The main predators of the sculpin are different species of game fish, such as brook trout, brown trout, northern pike, and smallmouth bass. All sculpin species are expected to coexist with species from the family Salmonidae. Its main competitors are other small bottom dwelling fish, especially other sculpin species. Female and immature mottled sculpins are commonly found in clean water rock substrates. On the other hand, males are commonly found in algae beds. The mean current velocity in which the fish is found is 0.28 m/s. They prefer to inhabit cool clear streams. They will tolerate warmer streams but do not prefer them like Cottus girardi.

==Life history==
Mottled sculpin reach sexual maturity at the age of two. The breeding season for mottled sculpin is during April and May. At the beginning of the season the males will take refuge under flat-bottomed rocks, waterlogged wood or other rubble found in stream beds. In order to mate the female will come up to the males nest and lay her eggs there. The female chooses her mate on physical attributes. Since larger males pick out nesting sites with better resources qualities, the female's choice of the largest male indicates she is picking good genes in a mate and also a good environment for her young to grow up After mating she either leaves or is chased away by the male. The males do this because females will eat the eggs right after spawning if the male does not run her off. The males continue to protect the eggs until they have absorbed their yolk sac and are ready to distribute themselves.

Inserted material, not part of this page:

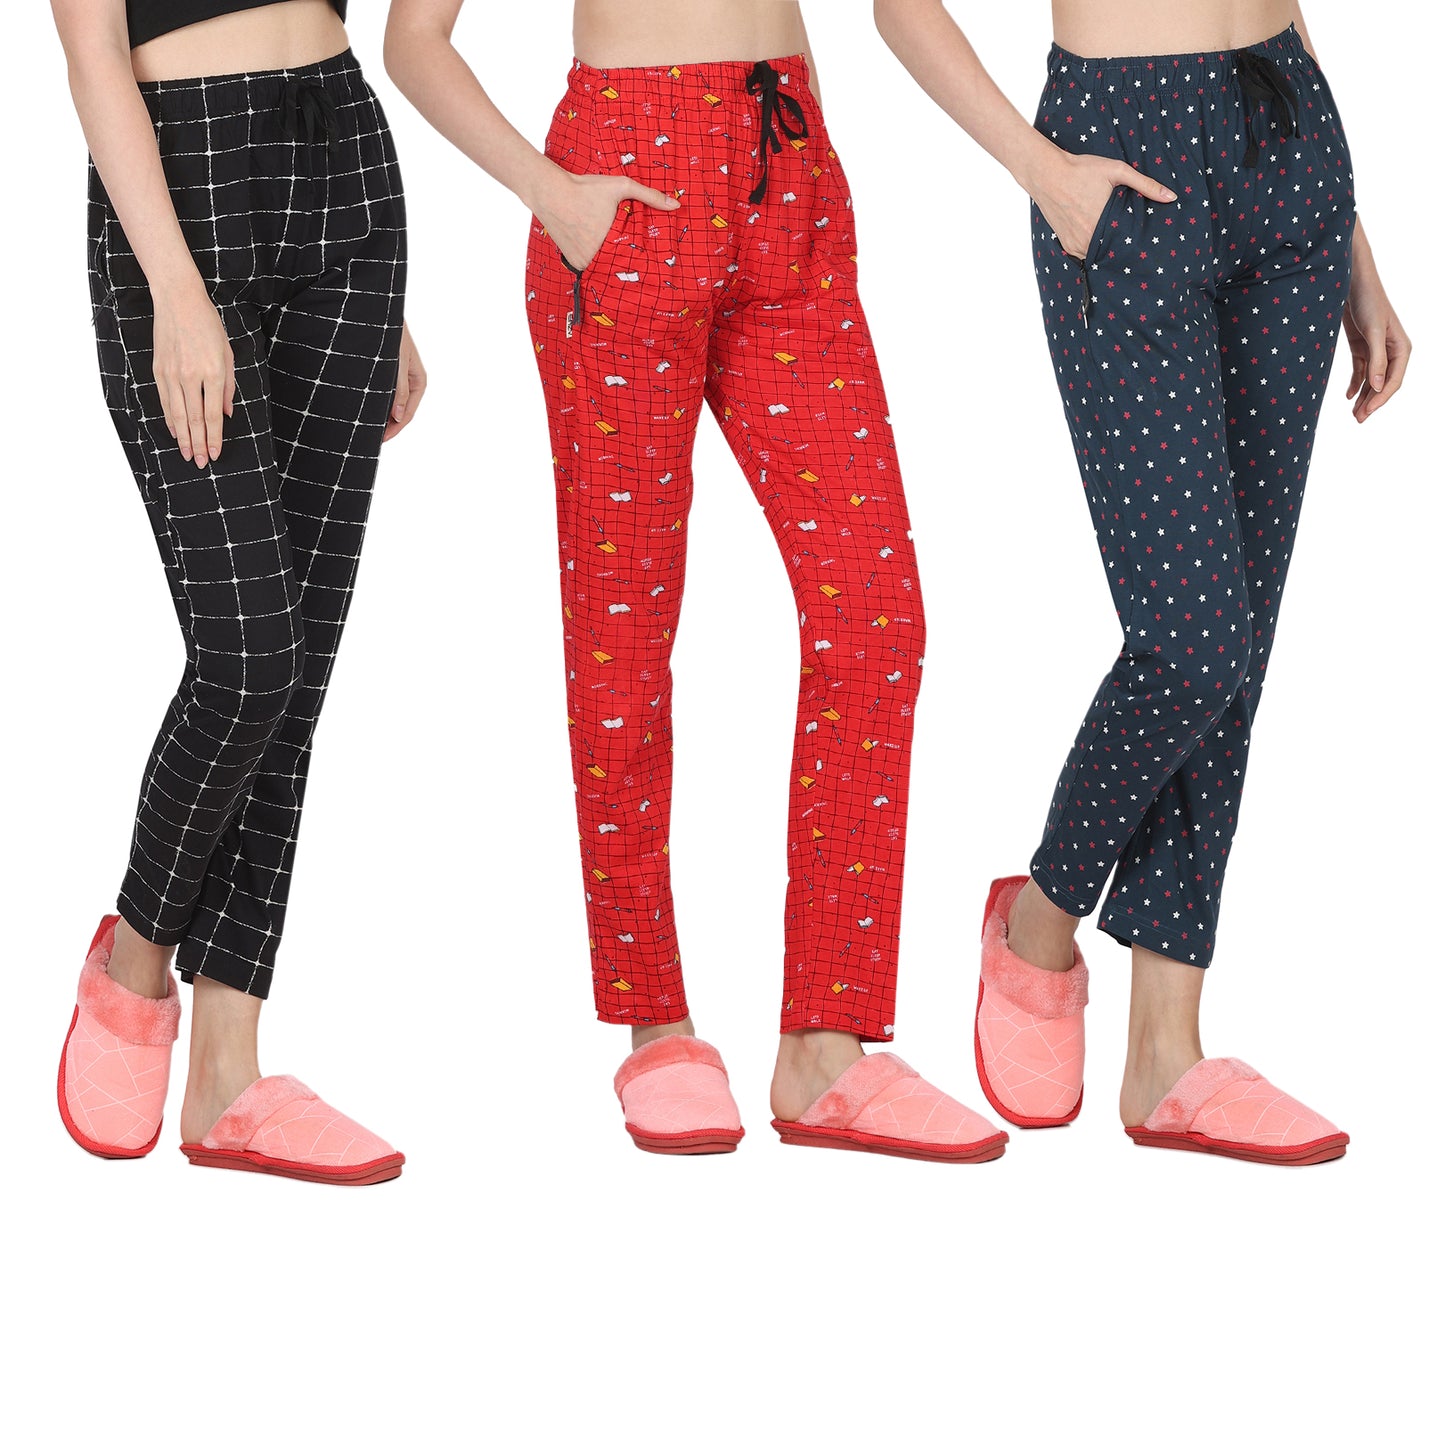 Eazy Women's Printed Lower - Pack of 3 - Black, Bright Red & Pine Green

Mottled sculpins only mate once a year. The clutch size can vary anywhere from 8 eggs to 148 eggs for females. However within that year one male could mate with ten or more females This leads to very large nest sizes. One study looked at twelve different nesting sites within a year and found that one nest can have anywhere from 54 to 1587 eggs with an average of 744 eggs per nest. Mottled sculpins' average life span is six years.

==Conservation==
The mottled sculpin is currently not federal or state listed for being threatened or endangered. In New Mexico the species is given limited protection. The reason for the species receiving no current management plan is due to its high abundance all over North America. Its high prevalence is due to the species tolerance' for all types of environment.

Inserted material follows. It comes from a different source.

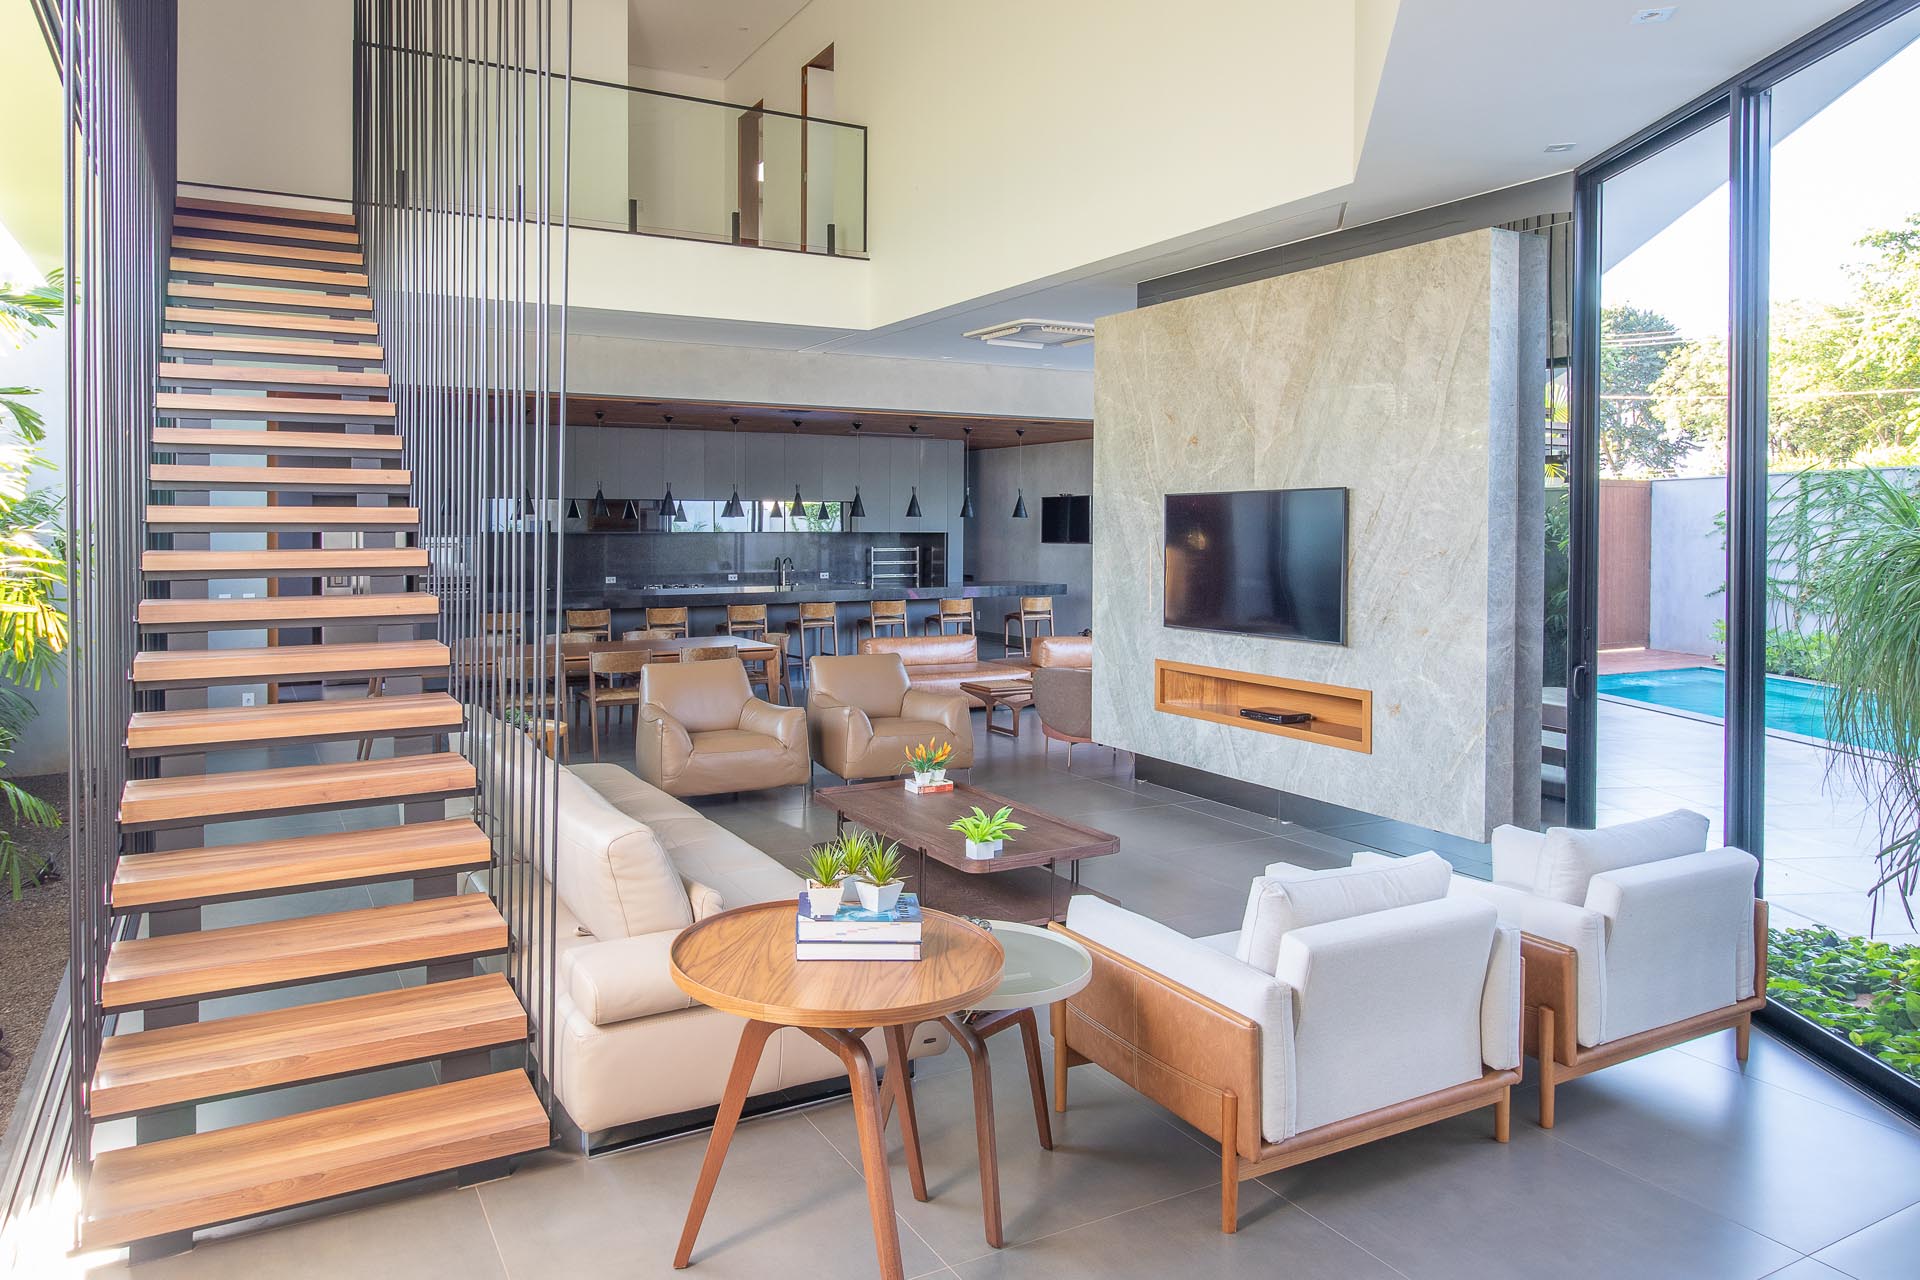 This mdoern living room is flooded with natural light from the oversized windows and sliding doors, while the stairs draw attention to the double height ceiling.

Although the species is not threatened anywhere in North America, it has received attention in recent areas in the Western United States due to its absence in some streams that are highly populated with trout species but not sculpins. This was odd since the two species usually coexist in similar habitats. The problem was that the streams absent of sculpin had high concentrations of zinc. One study showed that mottled sculpin are the third most sensitive species to high levels of zinc. The reason this occurring is because the U.S. Environmental Protection Agency (EPA) uses trout species to determine the water quality criteria (WQC) for zinc. Therefore, the WQC standards are not good enough to protect all species of fish. In southeast Minnesota there are plans to rebuild the sculpin population in streams where the water quality was once unfavorable for the species but has since been improved. The next step is to introduce 200 mottled sculpin a year until the population is showing signs of a comeback in the local streams.

However zinc is not the only metal threatening mottled sculpin populations. One study found mottled sculpins were also more sensitive to levels of copper and cadmium than other species of fish. The leading causes of increase of these three metals into aquatic environments are from mining, the burning of coal, steel production, and smelting metals.